WHAT IS EXPECTED »
Where a picture appears in the data below, exclude it; restate everything else word for word.

RAW DATA »

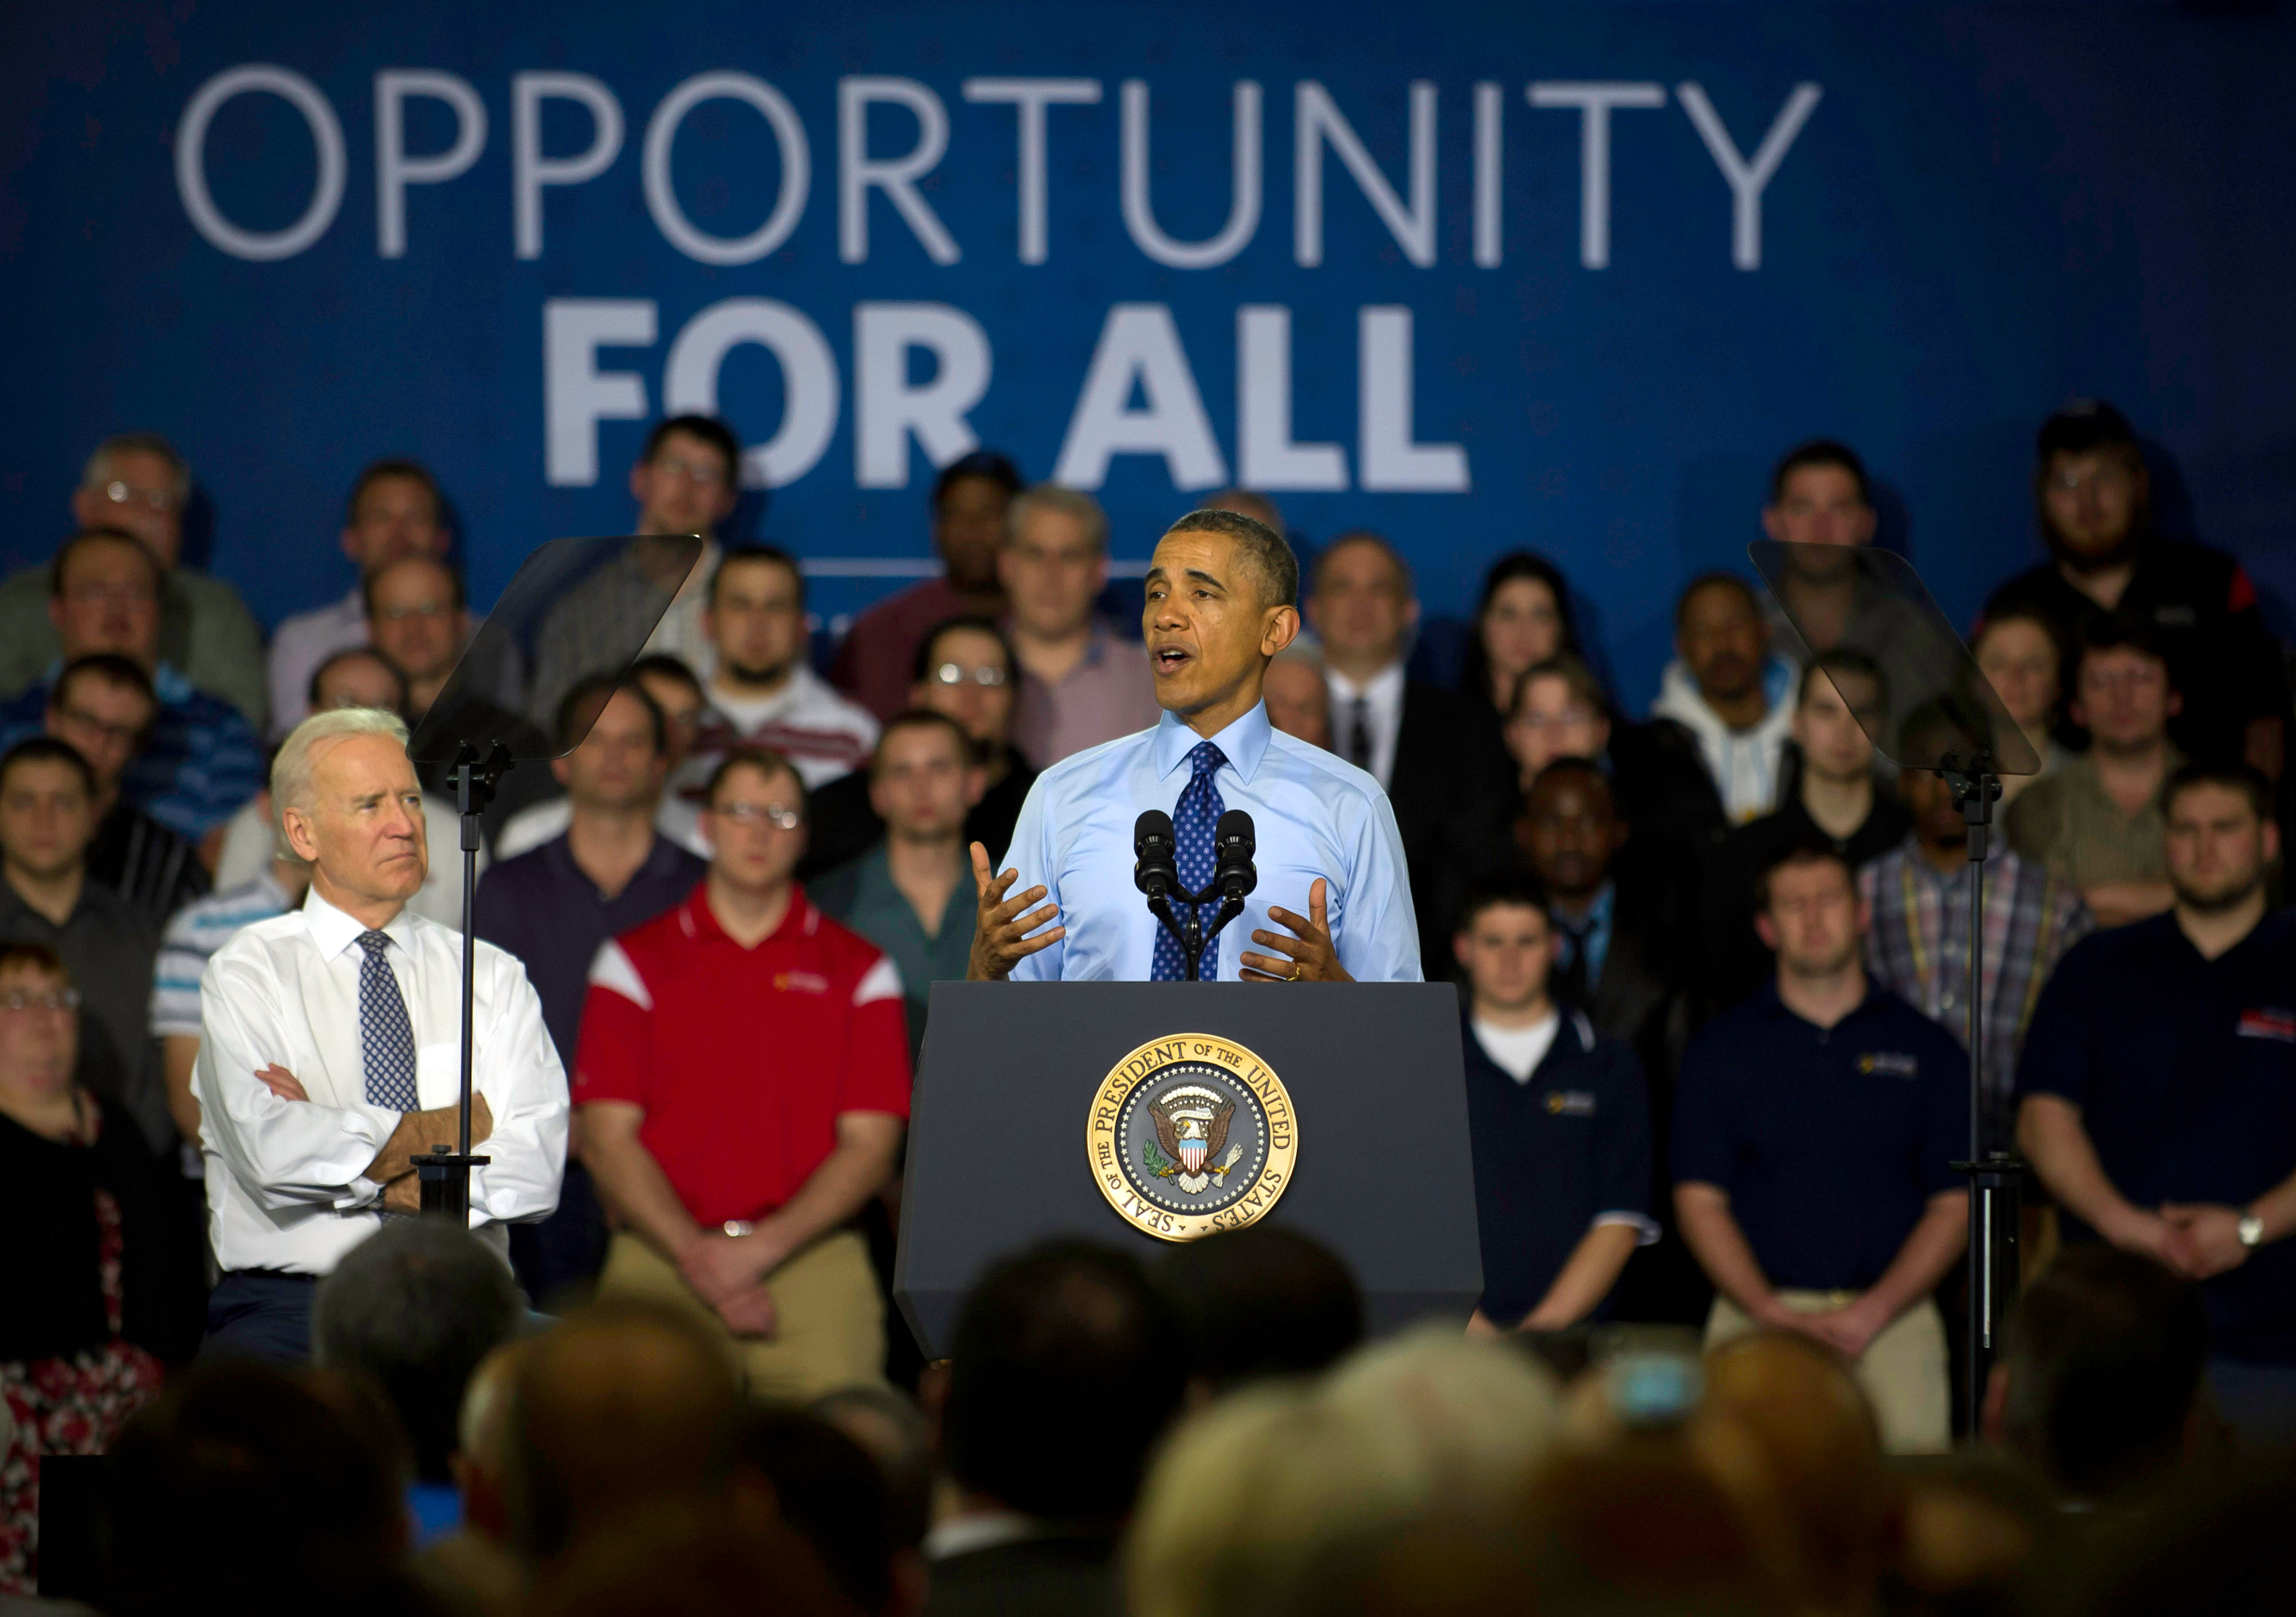 Obama And Biden Discuss Job Skills Training In Pennsylvania
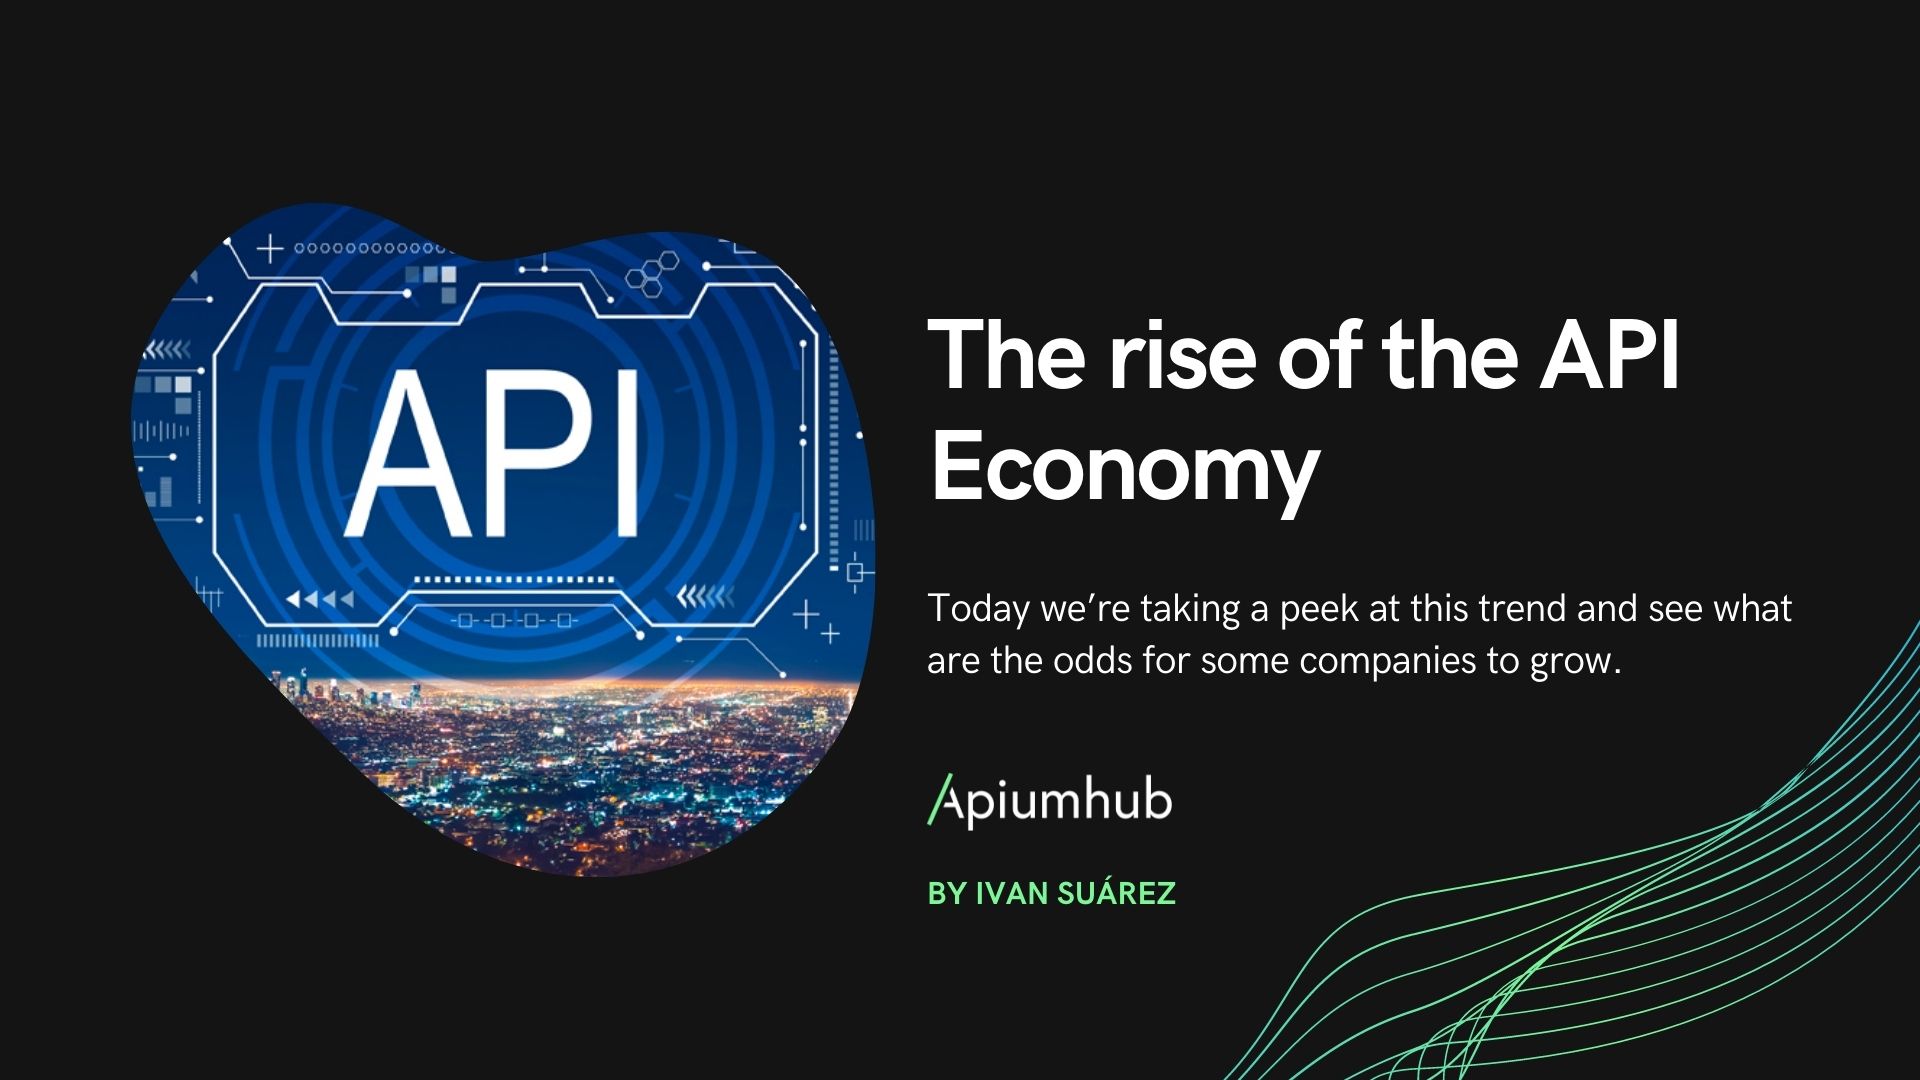 The rise of the API Economy
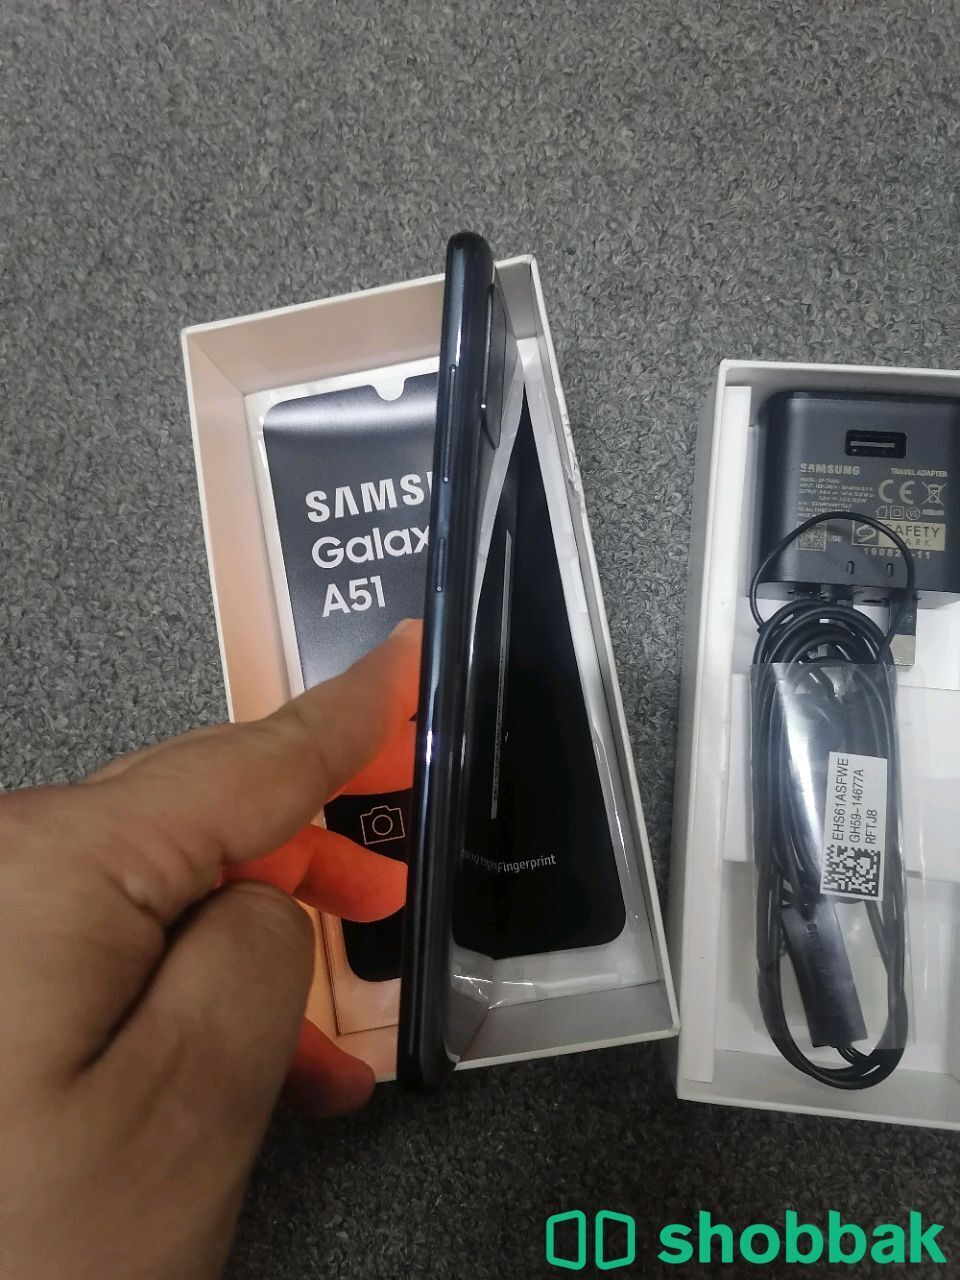 Samsung A51 Shobbak Saudi Arabia

ANSWER SPACE »
 Obama And Biden Discuss Job Skills Training In Pennsylvania
 The rise of the API Economy
 Samsung A51 Shobbak Saudi Arabia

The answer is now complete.